#### THE RECORDS

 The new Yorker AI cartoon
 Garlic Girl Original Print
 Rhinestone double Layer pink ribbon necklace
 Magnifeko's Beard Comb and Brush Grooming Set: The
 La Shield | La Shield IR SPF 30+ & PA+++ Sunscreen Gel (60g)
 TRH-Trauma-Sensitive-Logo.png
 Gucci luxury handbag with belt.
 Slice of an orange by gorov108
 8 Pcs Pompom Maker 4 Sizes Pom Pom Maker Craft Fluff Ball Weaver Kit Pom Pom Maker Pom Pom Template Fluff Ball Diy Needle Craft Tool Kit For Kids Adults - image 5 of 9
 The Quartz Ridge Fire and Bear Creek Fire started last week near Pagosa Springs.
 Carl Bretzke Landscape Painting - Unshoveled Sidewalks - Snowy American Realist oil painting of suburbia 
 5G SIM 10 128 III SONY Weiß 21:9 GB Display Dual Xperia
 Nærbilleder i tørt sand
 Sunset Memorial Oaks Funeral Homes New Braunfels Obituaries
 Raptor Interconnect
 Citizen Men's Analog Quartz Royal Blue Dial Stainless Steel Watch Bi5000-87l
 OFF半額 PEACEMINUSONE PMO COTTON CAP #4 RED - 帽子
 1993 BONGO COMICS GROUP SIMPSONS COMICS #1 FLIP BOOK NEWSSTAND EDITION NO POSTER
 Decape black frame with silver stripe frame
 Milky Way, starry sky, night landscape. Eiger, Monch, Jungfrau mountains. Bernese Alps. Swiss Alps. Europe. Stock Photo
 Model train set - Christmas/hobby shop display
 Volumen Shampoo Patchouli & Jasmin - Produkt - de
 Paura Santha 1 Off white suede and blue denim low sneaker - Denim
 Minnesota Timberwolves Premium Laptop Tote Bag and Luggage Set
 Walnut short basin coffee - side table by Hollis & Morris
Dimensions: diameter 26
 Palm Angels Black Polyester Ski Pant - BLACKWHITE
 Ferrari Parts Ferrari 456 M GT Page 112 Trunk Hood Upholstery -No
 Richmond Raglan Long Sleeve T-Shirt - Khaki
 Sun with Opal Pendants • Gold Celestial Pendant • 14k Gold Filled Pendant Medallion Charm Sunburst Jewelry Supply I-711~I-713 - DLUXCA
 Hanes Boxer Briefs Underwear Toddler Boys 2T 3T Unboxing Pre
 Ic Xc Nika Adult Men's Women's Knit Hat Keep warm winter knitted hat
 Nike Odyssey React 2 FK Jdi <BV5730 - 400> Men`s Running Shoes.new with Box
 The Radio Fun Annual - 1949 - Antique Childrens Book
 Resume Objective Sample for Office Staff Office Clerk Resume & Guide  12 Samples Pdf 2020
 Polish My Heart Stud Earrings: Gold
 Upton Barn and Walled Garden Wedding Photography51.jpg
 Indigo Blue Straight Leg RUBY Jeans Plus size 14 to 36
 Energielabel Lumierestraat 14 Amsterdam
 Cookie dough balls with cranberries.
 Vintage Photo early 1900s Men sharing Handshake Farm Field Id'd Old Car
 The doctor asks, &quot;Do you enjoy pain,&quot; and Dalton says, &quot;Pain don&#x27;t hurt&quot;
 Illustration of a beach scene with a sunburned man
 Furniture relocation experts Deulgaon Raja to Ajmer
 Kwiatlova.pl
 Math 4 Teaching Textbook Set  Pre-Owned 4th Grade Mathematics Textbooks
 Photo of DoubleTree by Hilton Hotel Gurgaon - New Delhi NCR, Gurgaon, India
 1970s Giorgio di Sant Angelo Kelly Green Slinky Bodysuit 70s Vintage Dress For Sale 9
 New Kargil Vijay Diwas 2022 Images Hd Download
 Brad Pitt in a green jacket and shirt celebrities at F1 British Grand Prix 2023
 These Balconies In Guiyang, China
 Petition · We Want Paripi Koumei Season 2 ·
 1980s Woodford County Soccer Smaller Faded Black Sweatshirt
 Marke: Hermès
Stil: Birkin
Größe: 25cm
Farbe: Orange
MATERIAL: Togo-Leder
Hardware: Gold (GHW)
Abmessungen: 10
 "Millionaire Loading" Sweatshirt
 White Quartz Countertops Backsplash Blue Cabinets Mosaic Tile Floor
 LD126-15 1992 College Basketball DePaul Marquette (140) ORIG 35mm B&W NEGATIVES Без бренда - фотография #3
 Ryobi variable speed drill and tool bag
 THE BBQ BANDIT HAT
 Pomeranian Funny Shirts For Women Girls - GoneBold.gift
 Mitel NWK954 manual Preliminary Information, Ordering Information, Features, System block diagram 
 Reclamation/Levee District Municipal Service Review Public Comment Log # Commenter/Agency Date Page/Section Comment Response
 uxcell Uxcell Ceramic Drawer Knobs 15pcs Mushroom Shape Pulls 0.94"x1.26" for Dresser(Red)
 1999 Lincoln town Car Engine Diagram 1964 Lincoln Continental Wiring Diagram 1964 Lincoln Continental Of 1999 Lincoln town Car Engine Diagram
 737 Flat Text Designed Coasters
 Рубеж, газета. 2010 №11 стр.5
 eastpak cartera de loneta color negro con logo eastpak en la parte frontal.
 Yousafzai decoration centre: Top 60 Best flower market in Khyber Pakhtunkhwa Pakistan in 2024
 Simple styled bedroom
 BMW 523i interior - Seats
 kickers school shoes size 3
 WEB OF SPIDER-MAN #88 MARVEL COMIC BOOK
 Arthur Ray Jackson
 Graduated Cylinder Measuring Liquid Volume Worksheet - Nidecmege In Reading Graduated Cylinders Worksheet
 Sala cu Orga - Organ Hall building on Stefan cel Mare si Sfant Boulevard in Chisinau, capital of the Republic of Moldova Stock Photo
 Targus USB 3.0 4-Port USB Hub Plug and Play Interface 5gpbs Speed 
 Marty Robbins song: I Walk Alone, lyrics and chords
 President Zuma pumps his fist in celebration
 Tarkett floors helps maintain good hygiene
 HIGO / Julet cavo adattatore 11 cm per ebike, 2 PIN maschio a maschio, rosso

########

The task requires an exact copy of all the lines above.

◆ **ANSWER FOR THIS EXERCISE**:
 The new Yorker AI cartoon
 Garlic Girl Original Print
 Rhinestone double Layer pink ribbon necklace
 Magnifeko's Beard Comb and Brush Grooming Set: The
 La Shield | La Shield IR SPF 30+ & PA+++ Sunscreen Gel (60g)
 TRH-Trauma-Sensitive-Logo.png
 Gucci luxury handbag with belt.
 Slice of an orange by gorov108
 8 Pcs Pompom Maker 4 Sizes Pom Pom Maker Craft Fluff Ball Weaver Kit Pom Pom Maker Pom Pom Template Fluff Ball Diy Needle Craft Tool Kit For Kids Adults - image 5 of 9
 The Quartz Ridge Fire and Bear Creek Fire started last week near Pagosa Springs.
 Carl Bretzke Landscape Painting - Unshoveled Sidewalks - Snowy American Realist oil painting of suburbia 
 5G SIM 10 128 III SONY Weiß 21:9 GB Display Dual Xperia
 Nærbilleder i tørt sand
 Sunset Memorial Oaks Funeral Homes New Braunfels Obituaries
 Raptor Interconnect
 Citizen Men's Analog Quartz Royal Blue Dial Stainless Steel Watch Bi5000-87l
 OFF半額 PEACEMINUSONE PMO COTTON CAP #4 RED - 帽子
 1993 BONGO COMICS GROUP SIMPSONS COMICS #1 FLIP BOOK NEWSSTAND EDITION NO POSTER
 Decape black frame with silver stripe frame
 Milky Way, starry sky, night landscape. Eiger, Monch, Jungfrau mountains. Bernese Alps. Swiss Alps. Europe. Stock Photo
 Model train set - Christmas/hobby shop display
 Volumen Shampoo Patchouli & Jasmin - Produkt - de
 Paura Santha 1 Off white suede and blue denim low sneaker - Denim
 Minnesota Timberwolves Premium Laptop Tote Bag and Luggage Set
 Walnut short basin coffee - side table by Hollis & Morris
Dimensions: diameter 26
 Palm Angels Black Polyester Ski Pant - BLACKWHITE
 Ferrari Parts Ferrari 456 M GT Page 112 Trunk Hood Upholstery -No
 Richmond Raglan Long Sleeve T-Shirt - Khaki
 Sun with Opal Pendants • Gold Celestial Pendant • 14k Gold Filled Pendant Medallion Charm Sunburst Jewelry Supply I-711~I-713 - DLUXCA
 Hanes Boxer Briefs Underwear Toddler Boys 2T 3T Unboxing Pre
 Ic Xc Nika Adult Men's Women's Knit Hat Keep warm winter knitted hat
 Nike Odyssey React 2 FK Jdi <BV5730 - 400> Men`s Running Shoes.new with Box
 The Radio Fun Annual - 1949 - Antique Childrens Book
 Resume Objective Sample for Office Staff Office Clerk Resume & Guide  12 Samples Pdf 2020
 Polish My Heart Stud Earrings: Gold
 Upton Barn and Walled Garden Wedding Photography51.jpg
 Indigo Blue Straight Leg RUBY Jeans Plus size 14 to 36
 Energielabel Lumierestraat 14 Amsterdam
 Cookie dough balls with cranberries.
 Vintage Photo early 1900s Men sharing Handshake Farm Field Id'd Old Car
 The doctor asks, &quot;Do you enjoy pain,&quot; and Dalton says, &quot;Pain don&#x27;t hurt&quot;
 Illustration of a beach scene with a sunburned man
 Furniture relocation experts Deulgaon Raja to Ajmer
 Kwiatlova.pl
 Math 4 Teaching Textbook Set  Pre-Owned 4th Grade Mathematics Textbooks
 Photo of DoubleTree by Hilton Hotel Gurgaon - New Delhi NCR, Gurgaon, India
 1970s Giorgio di Sant Angelo Kelly Green Slinky Bodysuit 70s Vintage Dress For Sale 9
 New Kargil Vijay Diwas 2022 Images Hd Download
 Brad Pitt in a green jacket and shirt celebrities at F1 British Grand Prix 2023
 These Balconies In Guiyang, China
 Petition · We Want Paripi Koumei Season 2 ·
 1980s Woodford County Soccer Smaller Faded Black Sweatshirt
 Marke: Hermès
Stil: Birkin
Größe: 25cm
Farbe: Orange
MATERIAL: Togo-Leder
Hardware: Gold (GHW)
Abmessungen: 10
 "Millionaire Loading" Sweatshirt
 White Quartz Countertops Backsplash Blue Cabinets Mosaic Tile Floor
 LD126-15 1992 College Basketball DePaul Marquette (140) ORIG 35mm B&W NEGATIVES Без бренда - фотография #3
 Ryobi variable speed drill and tool bag
 THE BBQ BANDIT HAT
 Pomeranian Funny Shirts For Women Girls - GoneBold.gift
 Mitel NWK954 manual Preliminary Information, Ordering Information, Features, System block diagram 
 Reclamation/Levee District Municipal Service Review Public Comment Log # Commenter/Agency Date Page/Section Comment Response
 uxcell Uxcell Ceramic Drawer Knobs 15pcs Mushroom Shape Pulls 0.94"x1.26" for Dresser(Red)
 1999 Lincoln town Car Engine Diagram 1964 Lincoln Continental Wiring Diagram 1964 Lincoln Continental Of 1999 Lincoln town Car Engine Diagram
 737 Flat Text Designed Coasters
 Рубеж, газета. 2010 №11 стр.5
 eastpak cartera de loneta color negro con logo eastpak en la parte frontal.
 Yousafzai decoration centre: Top 60 Best flower market in Khyber Pakhtunkhwa Pakistan in 2024
 Simple styled bedroom
 BMW 523i interior - Seats
 kickers school shoes size 3
 WEB OF SPIDER-MAN #88 MARVEL COMIC BOOK
 Arthur Ray Jackson
 Graduated Cylinder Measuring Liquid Volume Worksheet - Nidecmege In Reading Graduated Cylinders Worksheet
 Sala cu Orga - Organ Hall building on Stefan cel Mare si Sfant Boulevard in Chisinau, capital of the Republic of Moldova Stock Photo
 Targus USB 3.0 4-Port USB Hub Plug and Play Interface 5gpbs Speed 
 Marty Robbins song: I Walk Alone, lyrics and chords
 President Zuma pumps his fist in celebration
 Tarkett floors helps maintain good hygiene
 HIGO / Julet cavo adattatore 11 cm per ebike, 2 PIN maschio a maschio, rosso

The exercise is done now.